Descriptors: Education, higher. Dentistry. Higher education policy.


 

 

Introdução

No contexto da globalização, para destacar-se em um mundo do trabalho cada vez mais exigente e competitivo, torna-se imprescindível que o indivíduo detenha criatividade, versatilidade, flexibilidade, liderança, capacidade de relacionar-se, comunicar-se, argumentar e resolver problemas. Uma formação acadêmica de qualidade seria capaz de suprir essas necessidades do mercado21.

Nesse sentido, as diretrizes curriculares dos cursos de Odontologia preconizam que as faculdades devem basear suas atividades no tripé ensino, pesquisa e extensão5,15.

Corroborando essa perspectiva de formação, os modelos de educação tutorial têm o objetivo de propiciar uma formação de excelência, melhorando o processo de ensino e aprendizado junto à graduação. Essa atividade de tutoria é intrínseca a um modelo de educação acompanhada e continuada, de modo que grupos de acadêmicos são orientados por profissionais experientes, idealizados na figura de um tutor. Esse deve ser um guia e facilitador do aprendizado, orientando os participantes a desenvolverem a habilidade de trabalhar em grupo e torná-los seres sociais, críticos e criativos, além de aprimorar a capacidade para a pesquisa científica18,25.

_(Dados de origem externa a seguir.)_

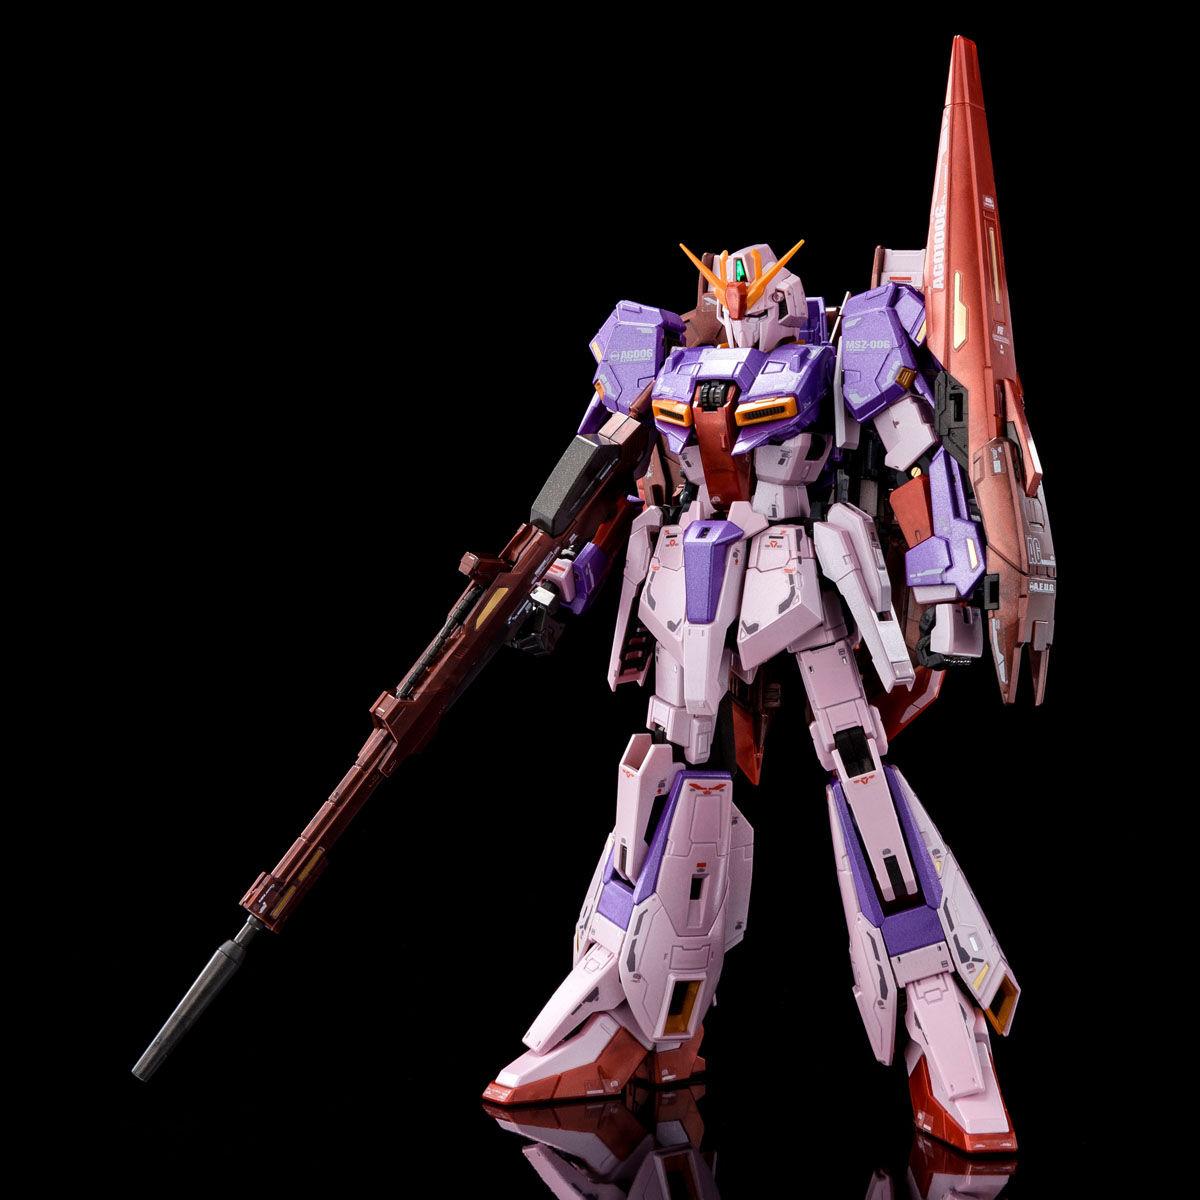 "RG 1/144 ゼータガンダム (バイオセンサーイメージカラー) [Zeta Gundam ""Biosensor Image Color""]"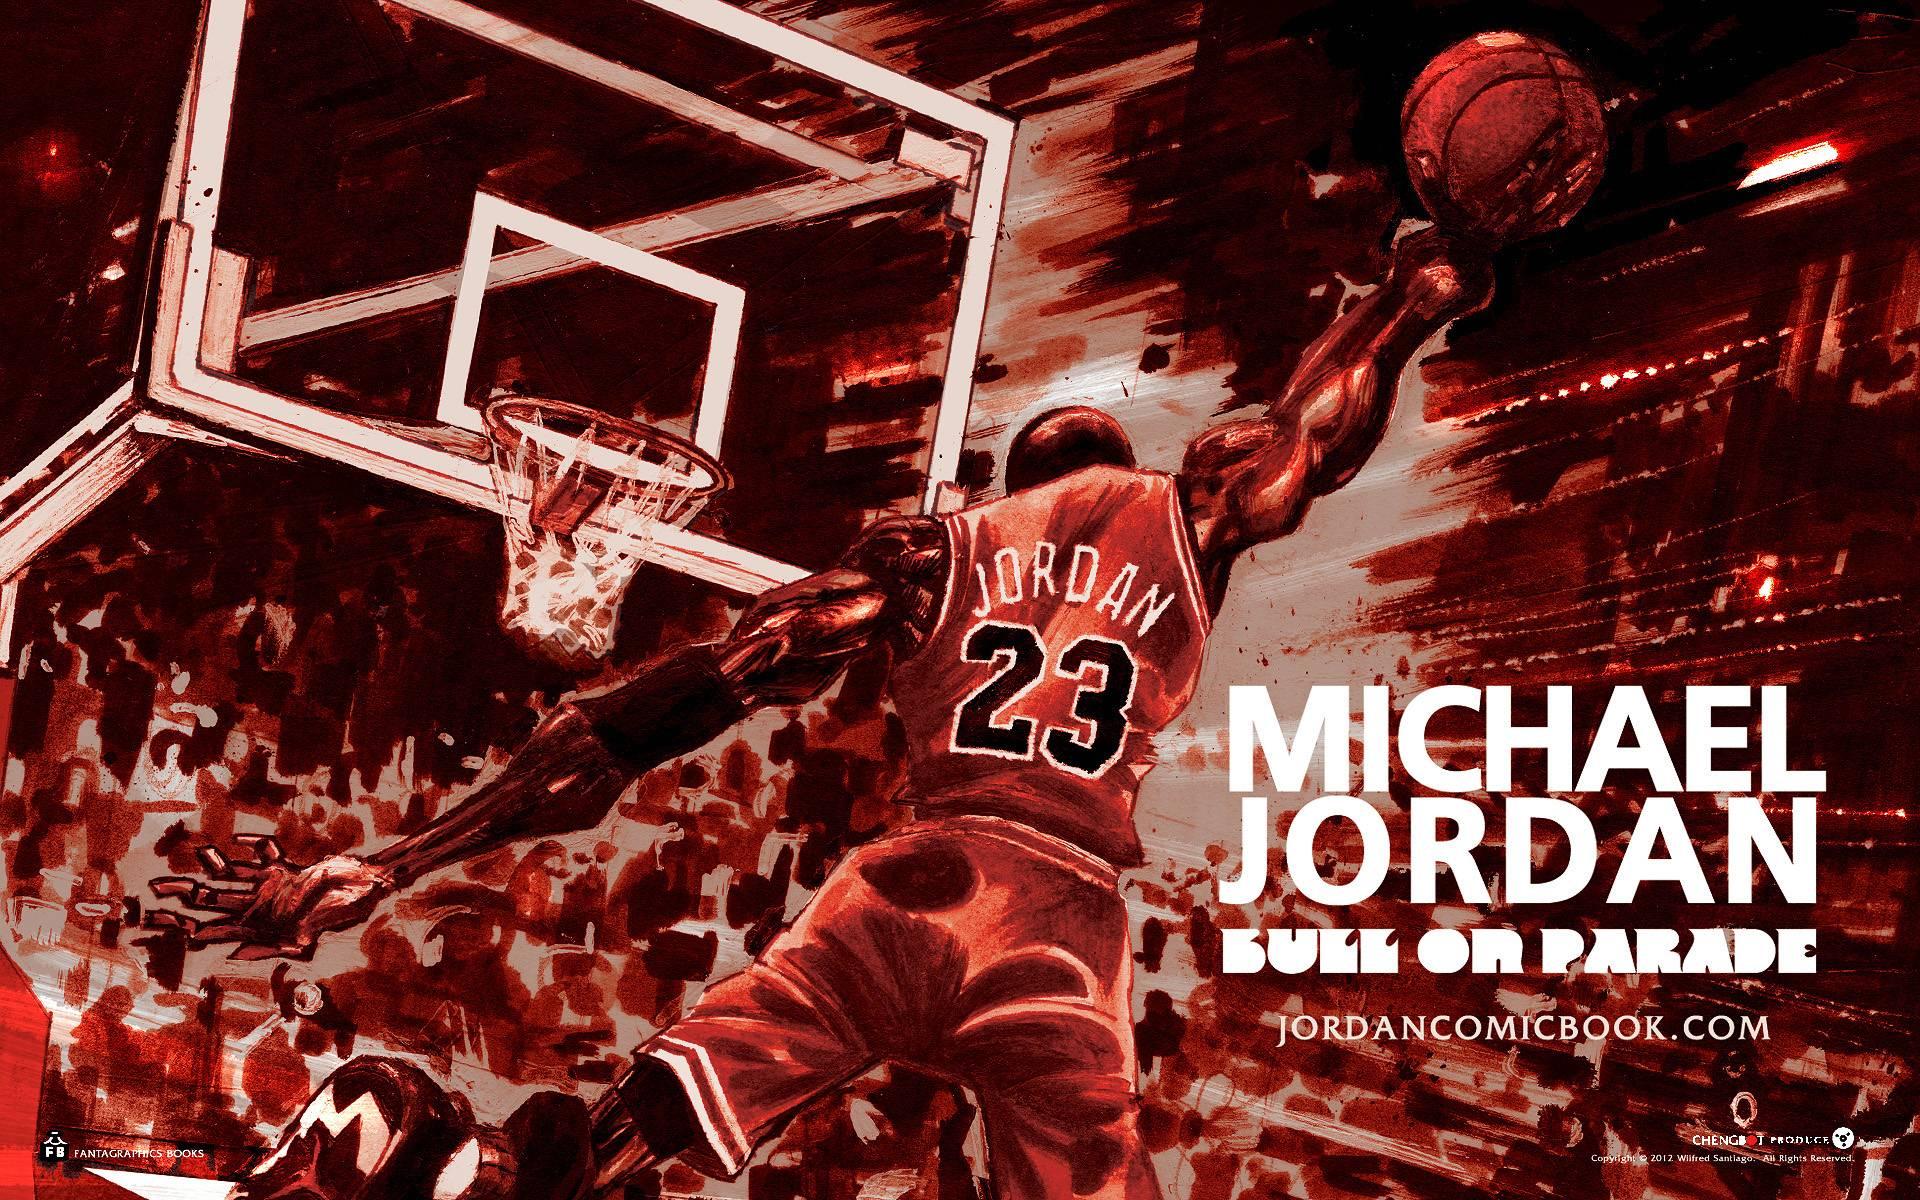 Jordan Logo Wallpaper Michael Jordan Cool Backgrounds 1920x1200 Wallpaper Teahub Io

Em 1979, o Diretor Geral da Coordenação de Aperfeiçoamento de Pessoal de Nível Superior (CAPES), professor doutor Cláudio de Moura Castro implantou o Programa Especial de Treinamento, atualmente denominado Programa de Educação Tutorial (PET), preocupado com a qualidade da graduação e tendo como base a própria experiência como bolsista de um programa tutorial da Faculdade de Ciências Econômicas (FACE), em Minas Gerais10,11. Somente em 2005 o programa foi oficialmente instituído pela lei nº 11.180/2005, sendo destinado ao fomento de grupos de aprendizagem tutorial mediante a concessão de bolsas de iniciação científica6. Existem 400 grupos PET em instituições de ensino superior públicas e privadas, beneficiando 4.274 alunos bolsistas e 400 tutores, 1 para cada grupo de pesquisa1,8,17.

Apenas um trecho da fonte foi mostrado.